Мы как-то сразу заполнили мастерскую. Мастерская тесная, захламленная всякой рухлядью: пустые бутылки, какие-то скамеечки, подрамники, засохшие палитры, в черной вазе засохшие цветы, диван, кресло, — всё пыльное, тусклое.

Антуан достал несколько бутылок, принялся готовить коктейль. Взбалтывал, смешивал, снова взбалтывал. Мы освобождали стол, стулья, стаскивали рамы в угол.

— Послушай, Антуан, ты дашь нам сегодня выпить? — кричал ему Рене.

— Доставайте, ребята, кофе и вино, а я пока коктейль сделаю. Вы ведь знаете, где что найти.
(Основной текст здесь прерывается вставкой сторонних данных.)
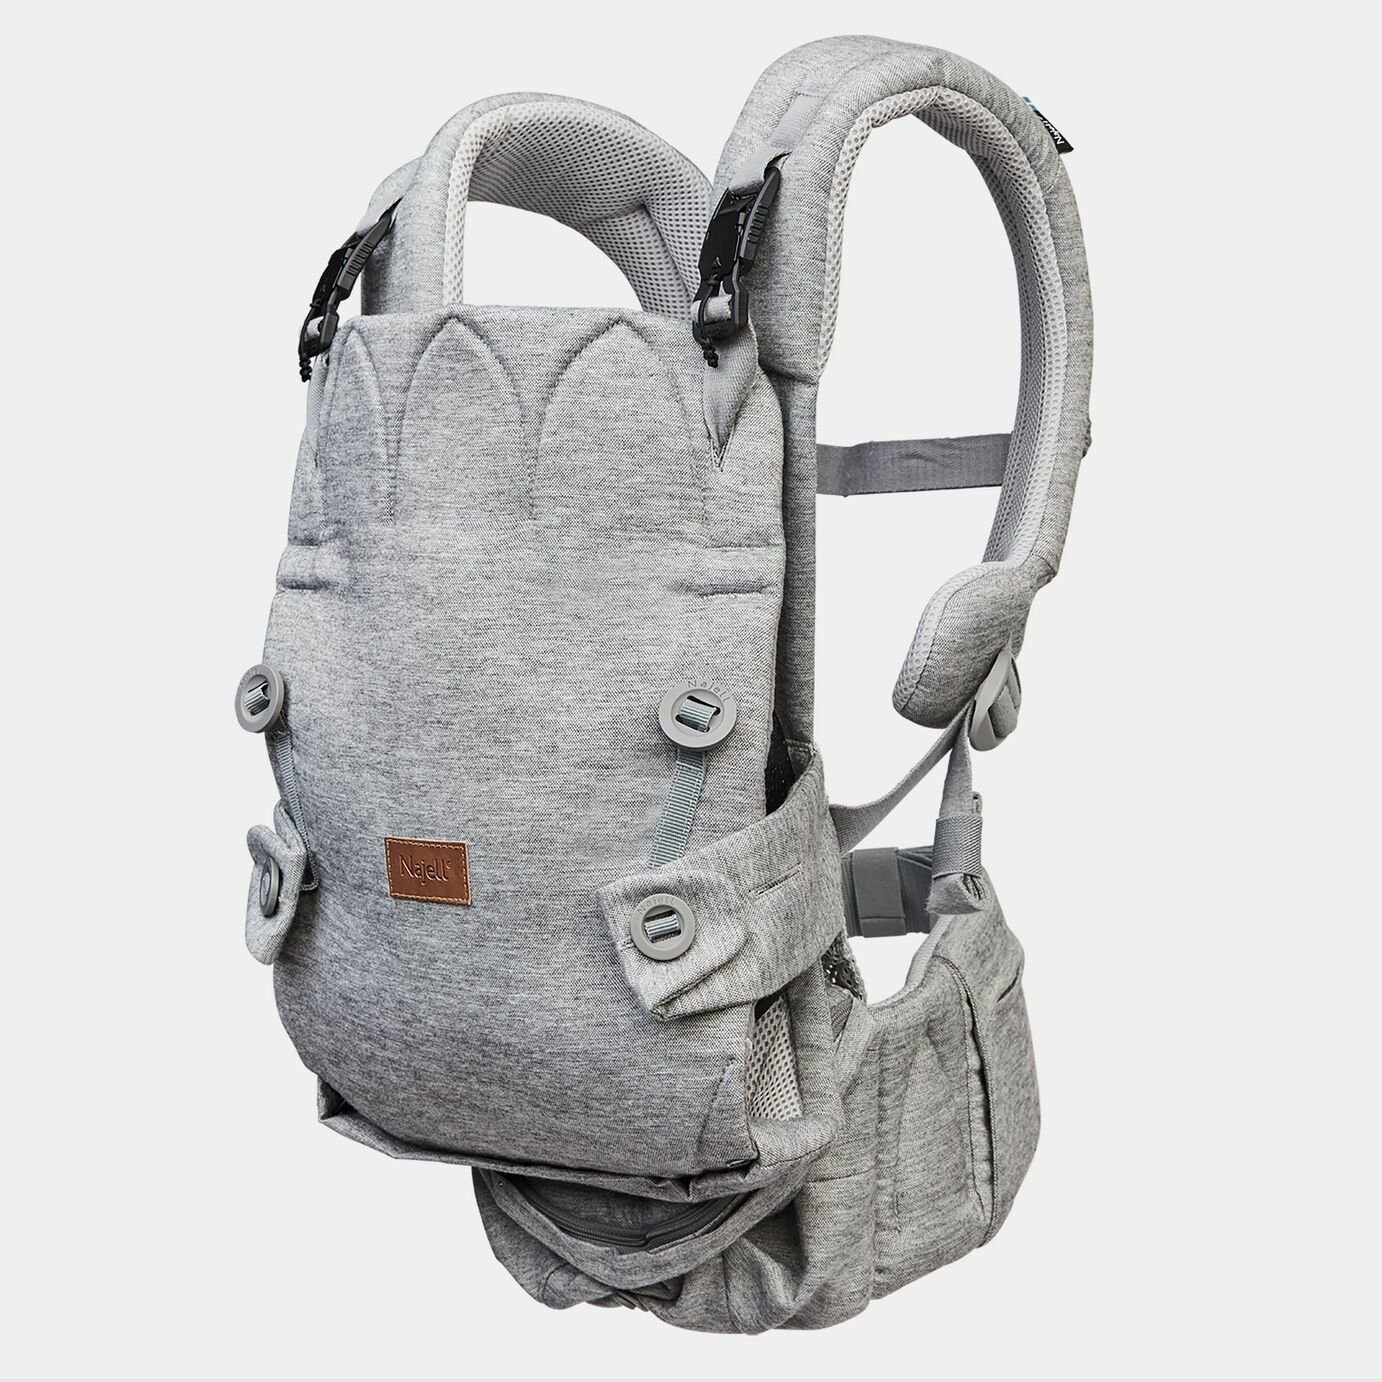 Najell Baby Carrier - Grey

— Как будто знаем, — сказала Жозефин.

Она отворила обе створки шкафа, нашла кулек с кофе, вытащила мельничку. Рене зажег в углу газовую плитку. Я, тоже пошарив в шкафу, нашла сухарики, достала сухарницу, среди бутылок обнаружила шери-бренди, понесла на стол рюмки, бокалы. И тут Жано позвал меня переставлять с ним холсты. И мы стали перебирать и переставлять подрамники, стряхивая с них густую пыль. Жано любил живопись страстно, знал все направления и школы, не пропускал ни одной интересной выставки и меня приобщал к искусству, водил на осенние, на весенние выставки в салонах.